ARTICLE IV – Records and proceedings

The minutes of the Board and all committees with Boarddelegated powers shall contain: 1. The names of the persons who disclosed or otherwise were found to have a financial interest in connection with an actual or possible conflict of interest, the nature of the financial interest, and the Board’s or committee’s decision as to whether a conflict of interest existed.

2. The names of the persons who were present for discussions and votes relating to the transaction or arrangement, the content of the discussion, including any alternatives to the proposed transaction or arrangement, and a record of any votes taken in connection therewith.

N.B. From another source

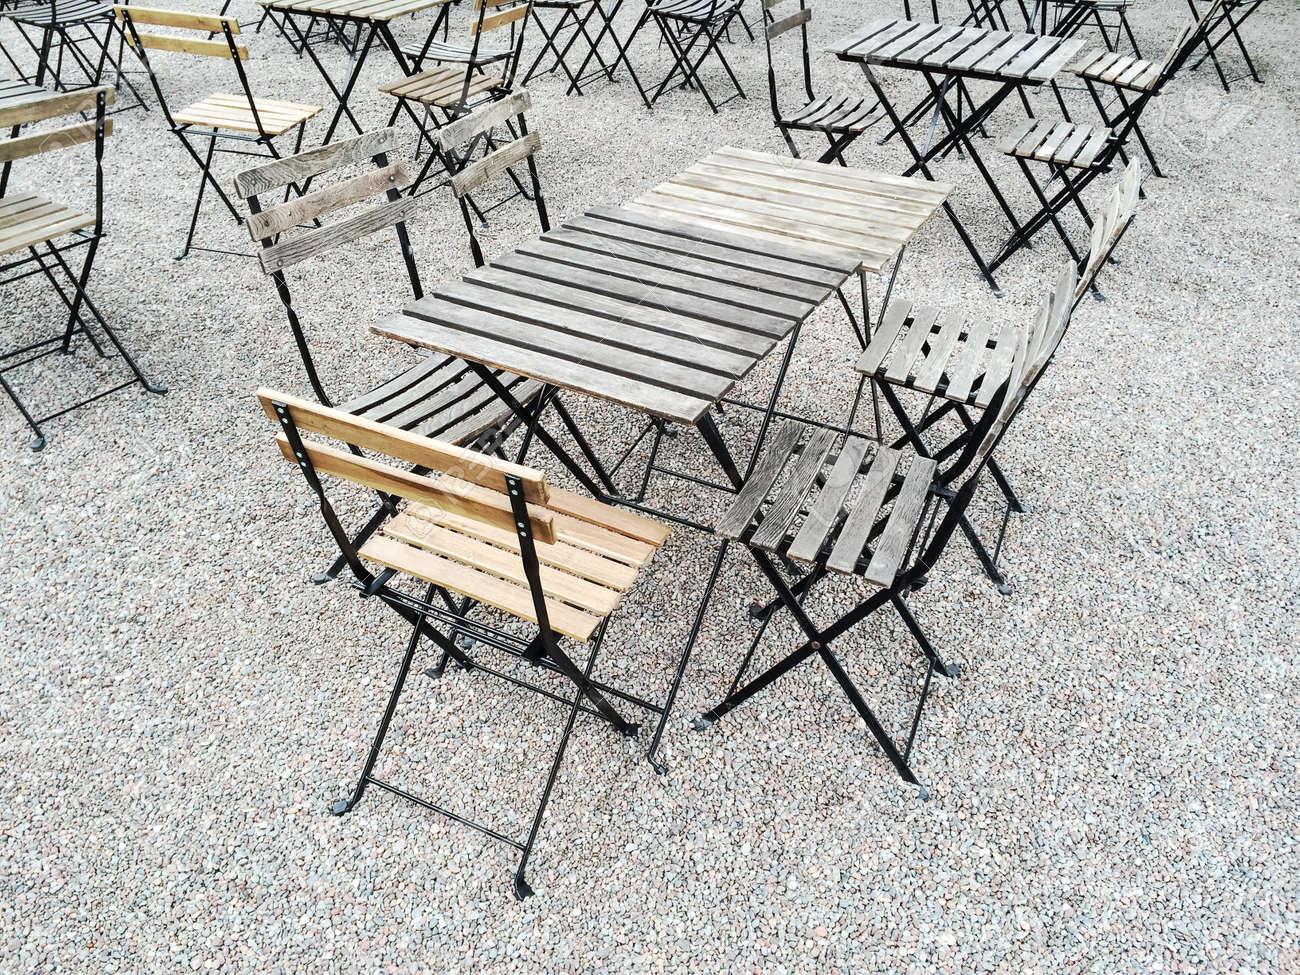 Tavoli E Sedie In Legno Per Esterno.Immagini Stock Caffe Esterno Con Tavoli E Sedie In Legno Image

ARTICLE V – Annual statements

Each employee, Board director, principal officer, and member of a committee with Board-delegated powers shall annually sign a statement, which affirms that a person: a. has received the Conflict of Interest Policy, b. has read and understands this policy, c. has agreed to comply with this policy, and d. understands that the Association is a 501(c)(3) organization and that, in order to maintain its federal tax exemption, it must engage primarily in activities which accomplish one or more of its tax-exempt purposes. Adopted by the ISU Alumni Association Board of Directors on May 22, 2004. Amended on May 21, 2010.